Image exacte du despotisme avec lequel vous devez manier et remanier votre femme.

La femme est une propriété que l’on acquiert par contrat, elle est mobilière, car la possession vaut titre ; enfin, la femme n’est, à proprement parler, qu’une annexe de l’homme ; or, tranchez, coupez, rognez, elle vous appartient à tous les titres. Ne vous inquiétez en rien de ses murmures, de ses cris, de ses douleurs ; la nature l’a faite à notre usage et pour tout porter : enfants, chagrins, coups et peines de l’homme.

Ne nous accusez pas de dureté. Dans tous les codes des nations soi-disant civilisées, l’homme a écrit les lois qui règlent le destin des femmes sous cette épigraphe sanglante : Væ victis ! Malheur aux faibles.

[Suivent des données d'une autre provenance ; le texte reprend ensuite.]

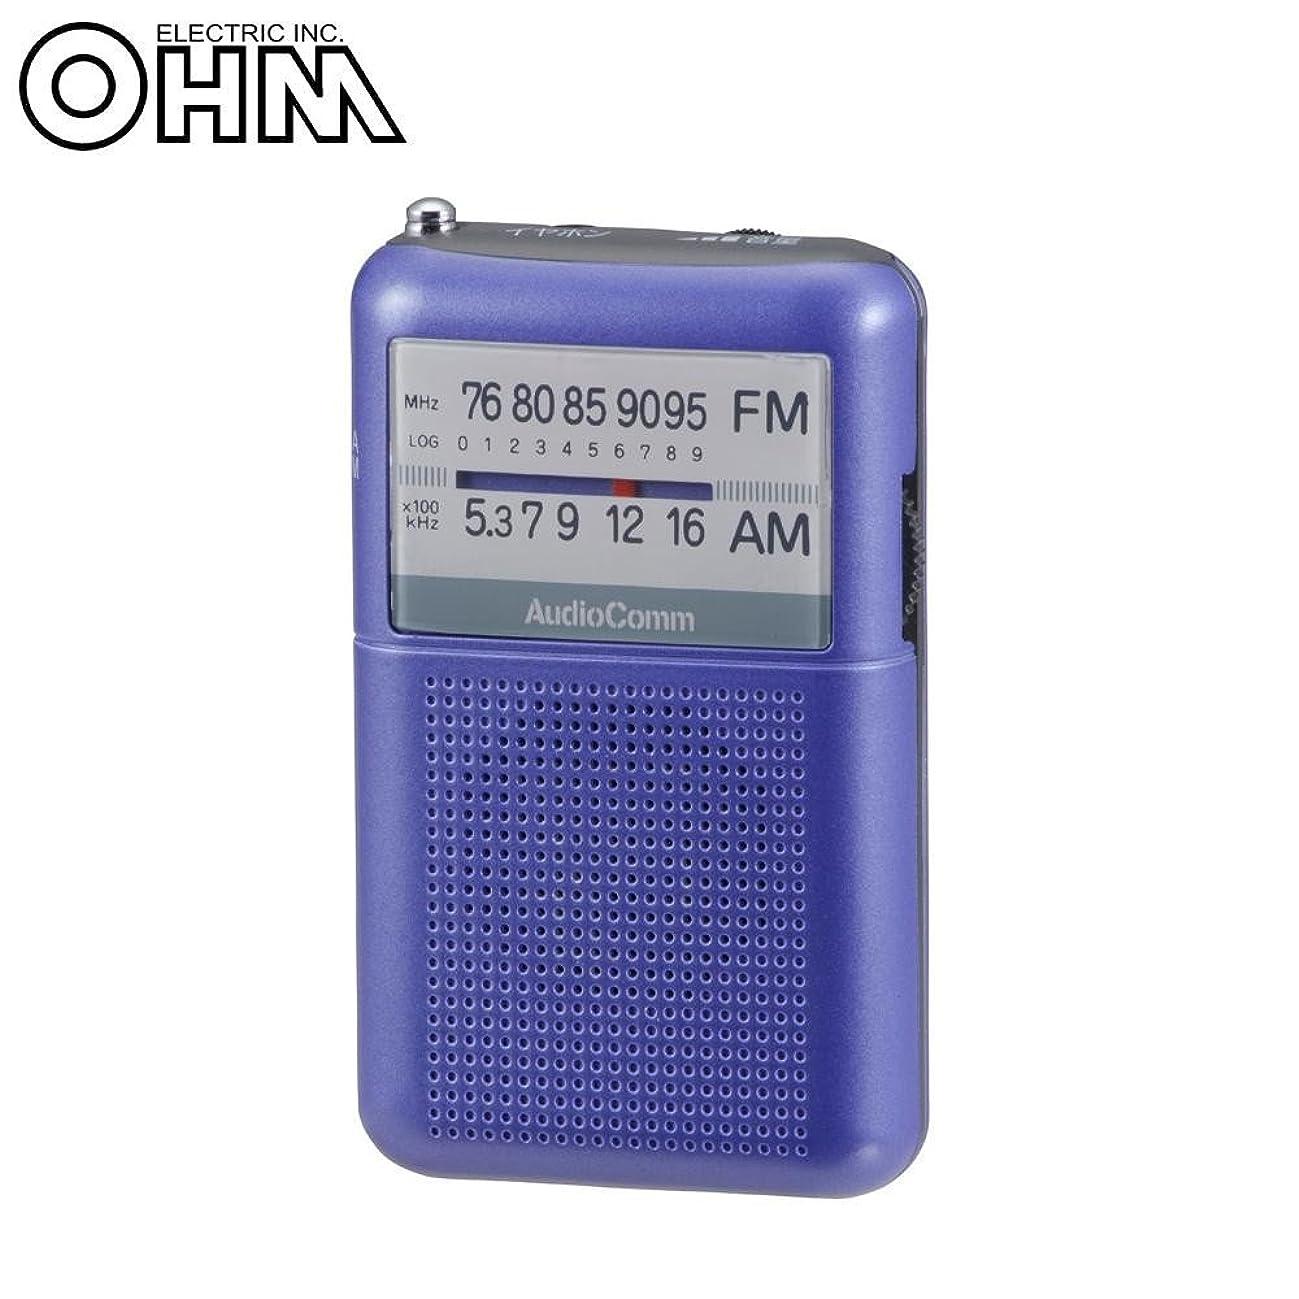 識字スワップ斧OHM AudioComm AM/FMポケットラジオ ブルー RAD-P122N-A

Enfin, songez à cette dernière observation, la plus prépondérante peut-être de toutes celles que nous avons faites jusqu’ici : si ce n’est pas vous, mari, qui brisez sous le fléau de votre volonté ce faible et charmant roseau ; ce sera, joug plus atroce encore, un célibataire capricieux et despote ; elle supportera deux fléaux au lieu d’un. Tout compensé, l’humanité vous engagera donc à suivre les principes de notre hygiène.

MÉDITATION XIII.

DES MOYENS PERSONNELS.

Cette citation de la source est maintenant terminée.